A LM Studio plugin that provides comprehensive browser automation capabilities using Selenium WebDriver for LLMs.
This plugin enables large language models in LM Studio to control web browsers (Chrome, Firefox, Edge, Safari) through a set of powerful automation tools. It provides full browser interaction capabilities including navigation, element finding, clicking, typing, scrolling, and more.

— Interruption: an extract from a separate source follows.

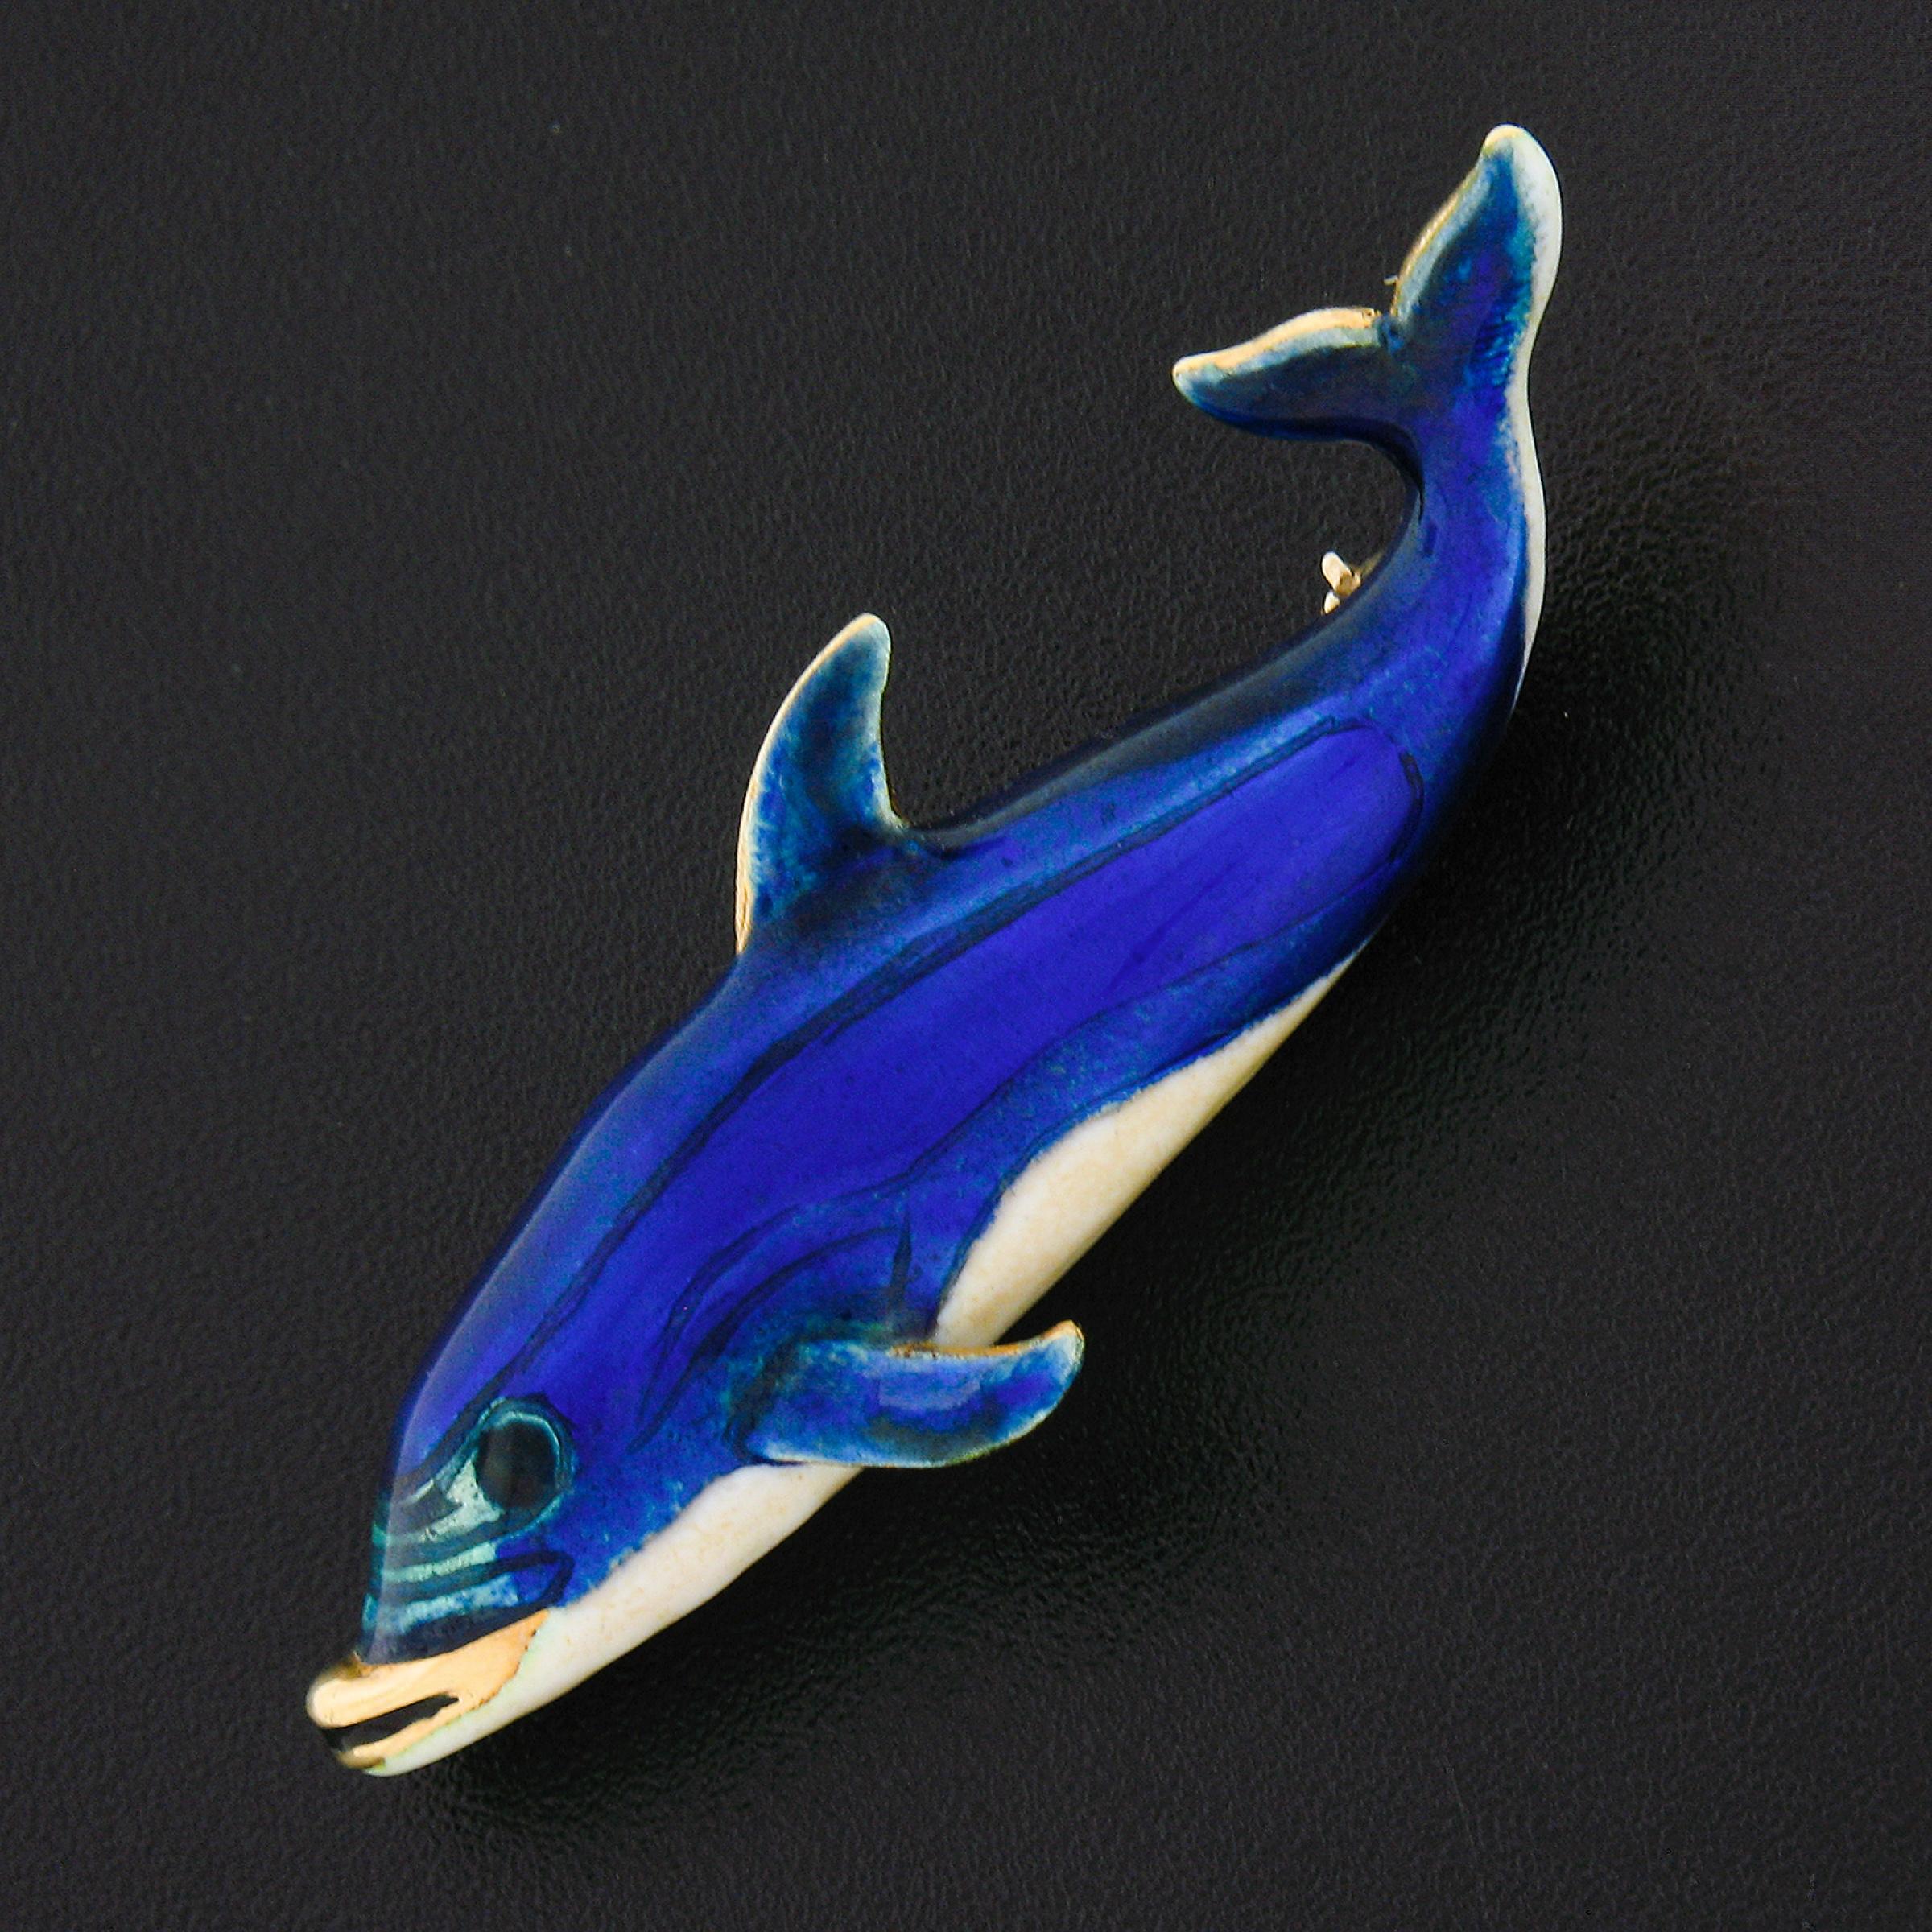 This adorable and very well made vintage pin/brooch is crafted in solid 14k yellow gold and features a gorgeous whale or dolphin design that's adorned with blue and white enamel work throughout. The back is equipped with a sturdy pin and rotating

- Multi-Browser Support - Chrome, Firefox, Edge, and Safari
- Tab Management - Open, close, and switch between multiple tabs
- Element Interaction - Click, type, find elements by various selectors
- Console Logs - Read browser developer console logs
- Screenshots - Take screenshots for AI vision analysis
- JavaScript Execution - Run custom JavaScript on pages
- Navigation - Navigate, go back/forward, refresh pages
| Tool | Description |
|---|---|
| Browser Start | Launch a browser instance (chrome/firefox/edge/safari) with optional driver and binary paths |
| Browser Close | Close a browser session |
| Browser Navigate | Navigate to a specific URL |
| Browser New Tab | Open a new tab (optionally with URL) |
| Browser Close Tab | Close the current tab |
| Browser Switch Tab | Switch to a specific tab by index |
| Browser Get Tabs | List all open tabs with titles and URLs |
| Browser Scroll | Scroll page by pixels or to element |
| Browser Click | Click at specific coordinates |
| Browser Click Element | Click an element by CSS/XPath/ID |
| Browser Type | Type text into element or at cursor |
| Browser Find Element | Find elements by selector |
| Browser Find Text | Search for text on page |
| Browser Get Logs | Get browser console logs |
| Browser Screenshot | Save screenshot to file |
| Browser Read Screenshot | Get screenshot as base64 for AI vision |
| Browser Execute JS | Execute custom JavaScript |
| Browser Get Page Source | Get page HTML |
| Browser Get Info | Get page title and URL |
| Browser Wait | Wait for specified milliseconds |
| Browser Refresh | Refresh the current page |
| Browser Go Back/Forward | Navigate browser history |
| Browser List | List all active browser sessions |
# Install dependencies
npm installThis plugin supports multiple ways to configure browsers:
If no driver path is specified, the plugin automatically downloads the latest compatible WebDriver:
- Chrome: ChromeDriver (latest version matching your Chrome)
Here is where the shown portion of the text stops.